Germán: ¿Conoceis la Fenil-cetonuria?, pues con la Fenil-alanina suministrada a tiempo puede evitar la aparición de retraso mental en los niños que padecen síndrome de Folling. Química y física: no hay mas. Del mismo modo, la neurociencia ha demostrado que el conflicto relacional, el rechazo, se proyecta en dolor físico, neurastenia; de ahí el fácil recurso a las migrañas que en esa familia ya fueron de siempre una epidemia,  las cefaleas que tantos conflictos familiares esconden, los contínuos dolores de cabeza que como su propio nombre indica, reflejan los quebraderos de cabeza que en lo familiar atravesaban…

Fíjate que en realidad la transformación del infierno familiar en dolor físico es una alerta, una señal de aviso, instinto de supervivencia. Pero en estos individuos se cortocircuita y convierte la conflictividad en su única forma de relación de que son capaces. Es como tener un sindicato dentro de casa que convierte a todos en piquetes rompiendo puertas, gritando ¡Insurgencia!, rompiendo al otro. Pero no son “los de fuera” de casa los que rechazan, sino que están siendo víctimas del “regalito” que padecieran precisamente de “su papá y su mamá”.

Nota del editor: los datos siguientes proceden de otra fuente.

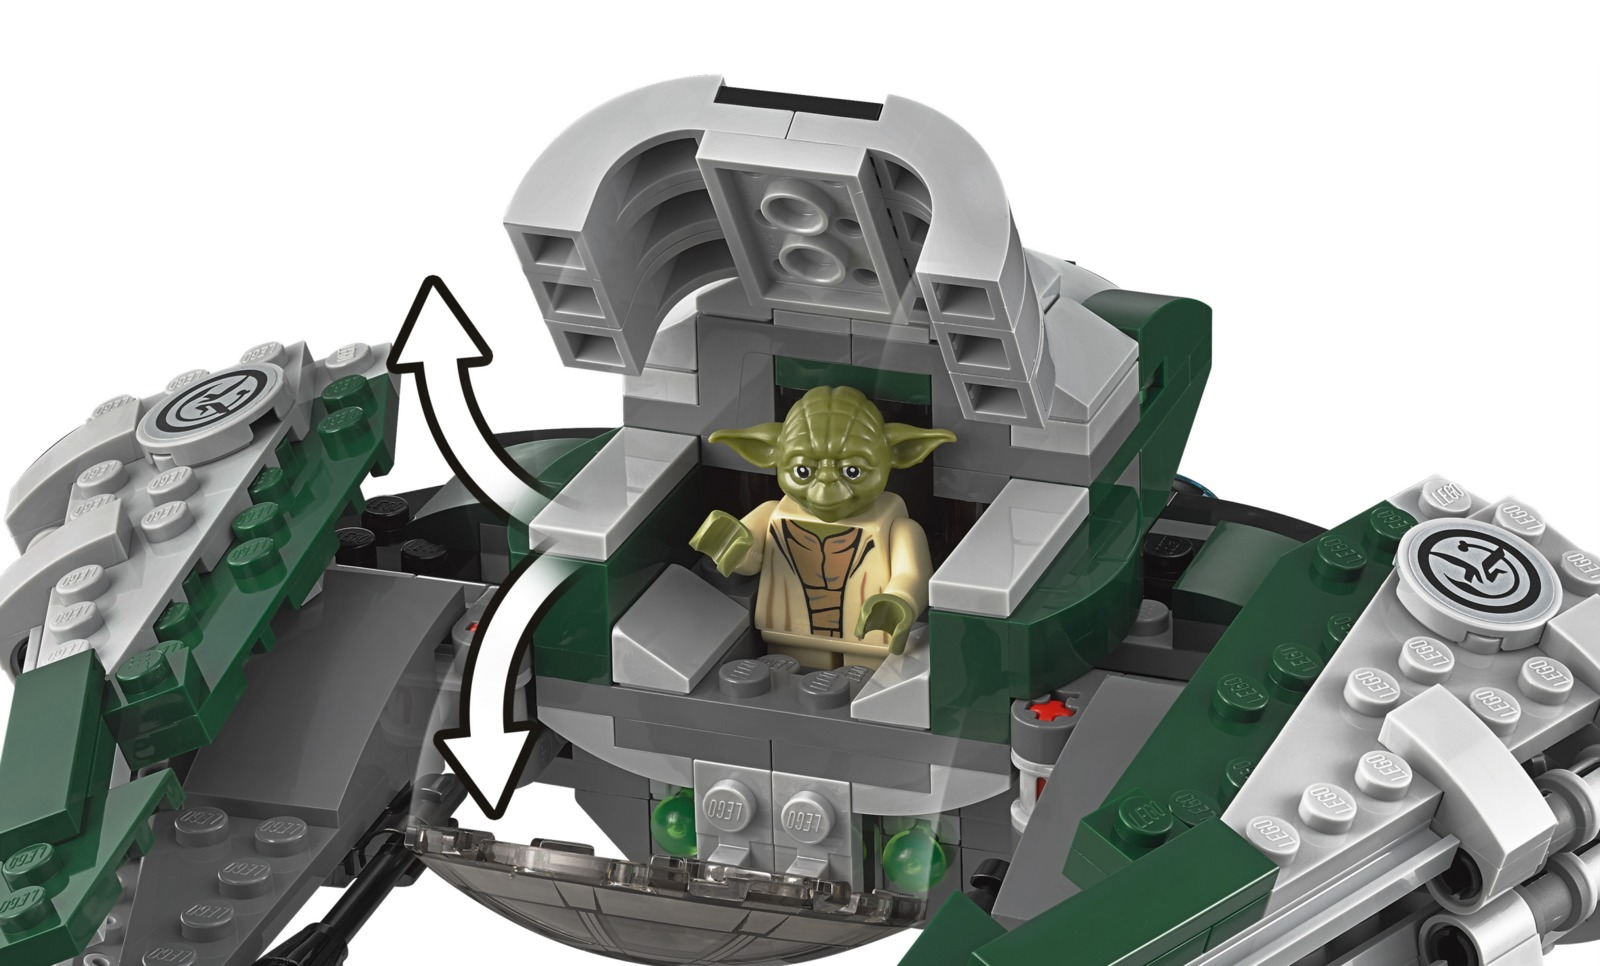 LEGO Star Wars: Yoda's Jedi Starfighter (75168) image

johny: Pues, ¿sabes qué te digo?, ¡Que acepten que son deudoras de esa experiencia de la que vienen y una vez reconciliadas con su propio pasado, verán con otros ojos la vida, la realidad; en definitiva: a los demás. Y si después de verlo qún les queda ganas de jugar a la mafia, que empiecen llendo a dar por culo a su papá y su mamá. Es que de lo contrario es ser la bruja que ha educado un terrorista y cuando sus bandas le empiezan a dar problemas en casa, les señala un enemigo exterior con el dedo y les dice: “ese, esos tienen la culpa de todo lo que en nuestra casa nos ha pasado”. Y los lanza contra la sociedad, por no reconocer que ha sido odio y no amor, con lo que les ha amamantado. Lo que me jode es que encima la tia va de Rigoberta Menchú.

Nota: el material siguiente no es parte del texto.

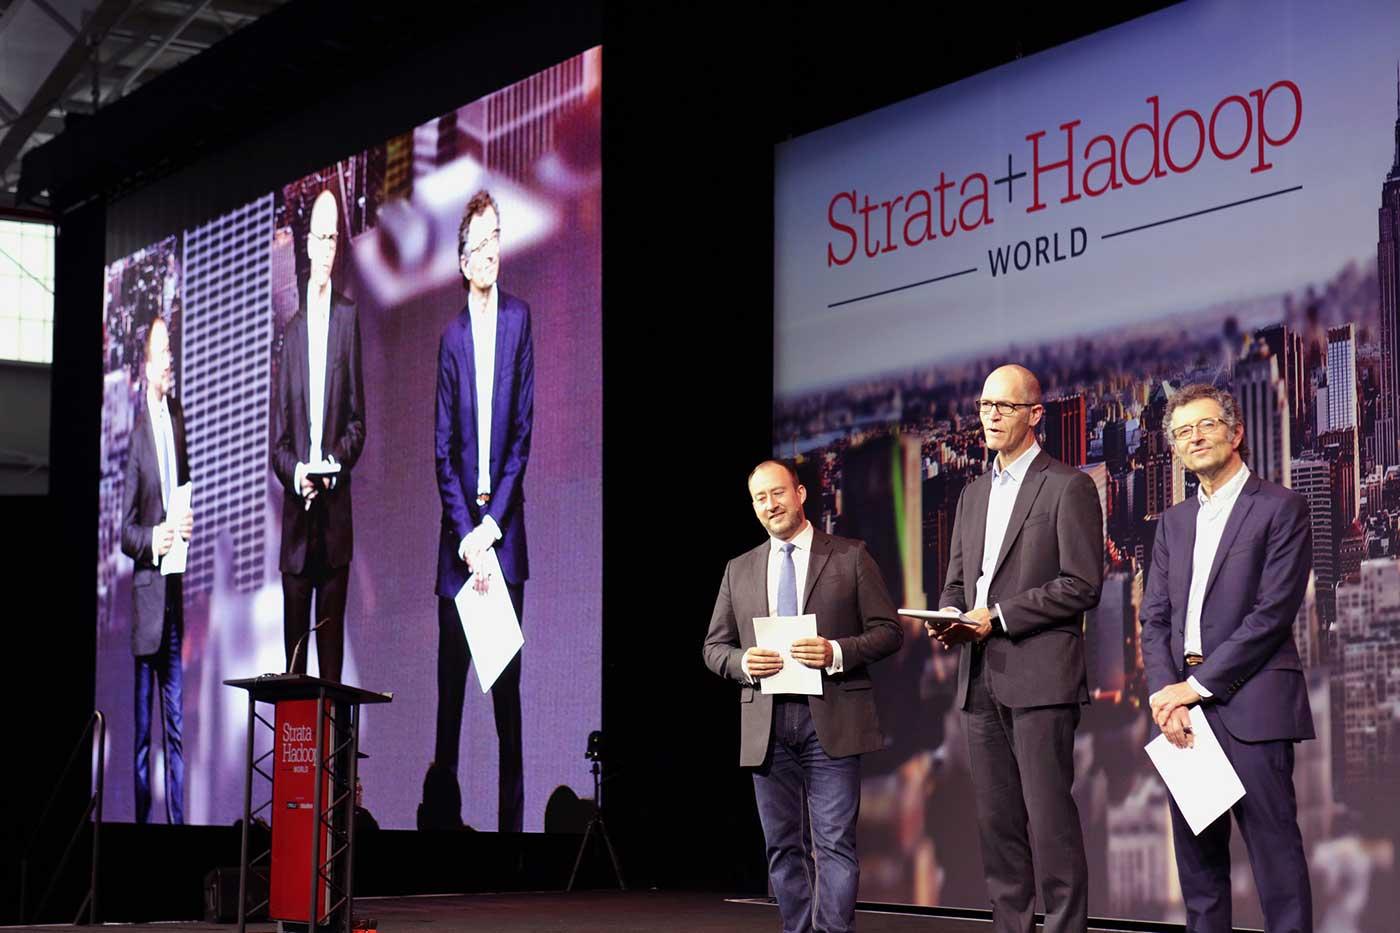 Strata + Hadoop World NY 2016 keynote stage

Nuria: Es el paradigma de las brujas de Salem: 31 personas ajusticiadas en un año y sin embargo sus creyentes han logrado que eclipse todas las innumerables muertes acaecidas en ese siglo, convirtiéndose en poco menos que un hito histórico que ellos denominan “siglos enteros en los que se masacraban  brujas”. Lo que no entiendo es qué sentido le veis a todo eso para que ahora, después de acabar con johny la emprendan conmigo y mi chalet. ¿Esa tia va a hacer testamento y necesita un terreno para cada vástago o qué?.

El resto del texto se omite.